As I’ve worked my way through the various oddities of Windows 10, I’ve found that most applications work great. For the most part, anything that worked on Windows 7 works on Windows 10. Visual Basic 6 (VB6) has been one of the few exceptions, so far.
Why install Visual Basic 6? It’s a long-dead program, after all. Well, like many companies out there, mine has a few proprietary programs that were written, long ago, in VB6. The apps work great, so it just hasn’t made sense to spend the time and/or money it would take to upgrade them to VB.Net. Yet, we still need to be able to make minor changes to the programs now and then.
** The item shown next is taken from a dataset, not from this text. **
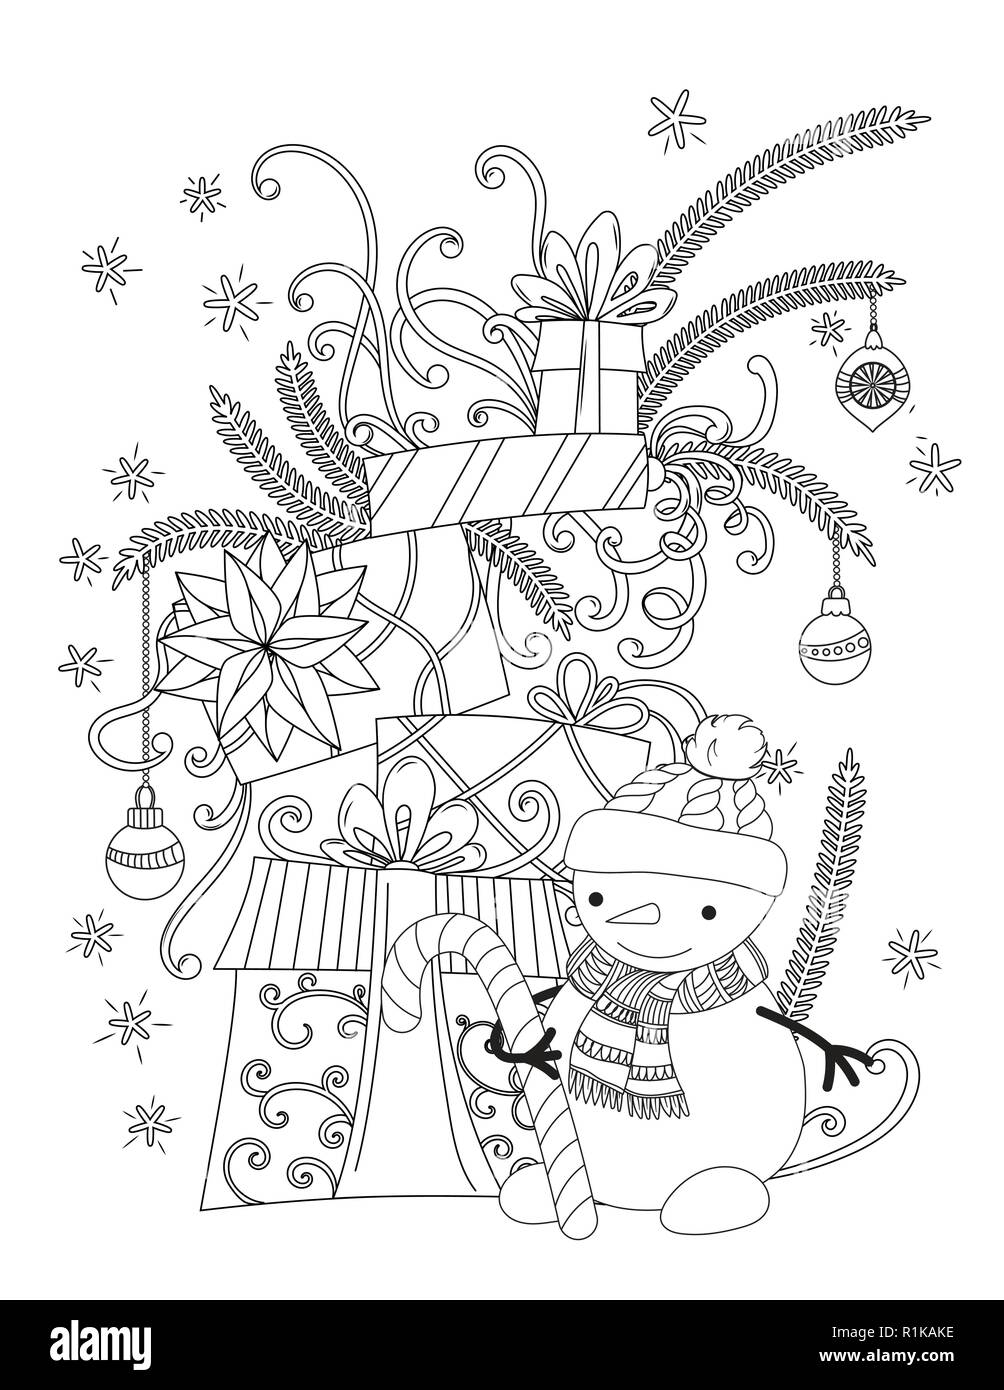 Weihnachten Malseite für Kinder und Erwachsene. Süße Schneemann mit Schal und Mütze gestrickt. Stapel von Urlaub präsentiert. Hand Vector Illustration gezeichnet. Stock Vektor

We could keep an old XP machine around just for VB6, or set up a virtual instance of XP, or go for either of those options with Windows 7 (VB6 installed on Win7, though not perfectly). Instead of going those routes, though, I decided to look into getting VB6 properly installed on Windows 10. These notes should work for the Pro and Enterprise editions of both Visual Basic 6 and Visual Studio 6.
Note that this tutorial is really geared toward getting Visual Basic 6 up and running. I do not know whether any of the other Visual Studio applications will work after the steps below have been followed.
Also note that this process will not allow you to install the Data Access components. They just don’t work with Windows 10.
Remove Any Remnants of VB6/VS6
If you’re like me, you probably tried to install Visual Basic 6 on your computer the old fashioned way. When the install failed, you were then left with bits and pieces of VB laying around, and no uninstaller. Luckily, Microsoft wrote up an article about removing Visual Studio manually (How To Manually Uninstall Visual Studio with MSDN Library). I do not believe searching your hard drive for some of the files, as they mention, is necessary. Here are the most important steps to follow:
- Delete the installation folders for any Visual Studio products. Note that the following are the default locations; the actual locations may be different on your system if you did a custom installation or if you are on a 64-Bit computer:
- \Program Files\Microsoft Visual Studio
- \Program Files\Common Files\Microsoft Shared\MSDesigners98
- \Program Files\Common Files\Microsoft Shared\MSDN
- \Program Files\Common Files\Microsoft Shared\VS98
- \Program Files\Common Files\Microsoft Shared\Wizards98
- Delete the installation folders for any MSDN Libraries (the previous step may have deleted these if they were installed to the default location). The default folders are as follows:
- Program Files\Microsoft Visual Studio\MSDN98 (for the MSDN Library for Visual Studio 6.0)
- Program Files\Microsoft Visual Studio\MSDN (for the MSDN Quarterly Library releases)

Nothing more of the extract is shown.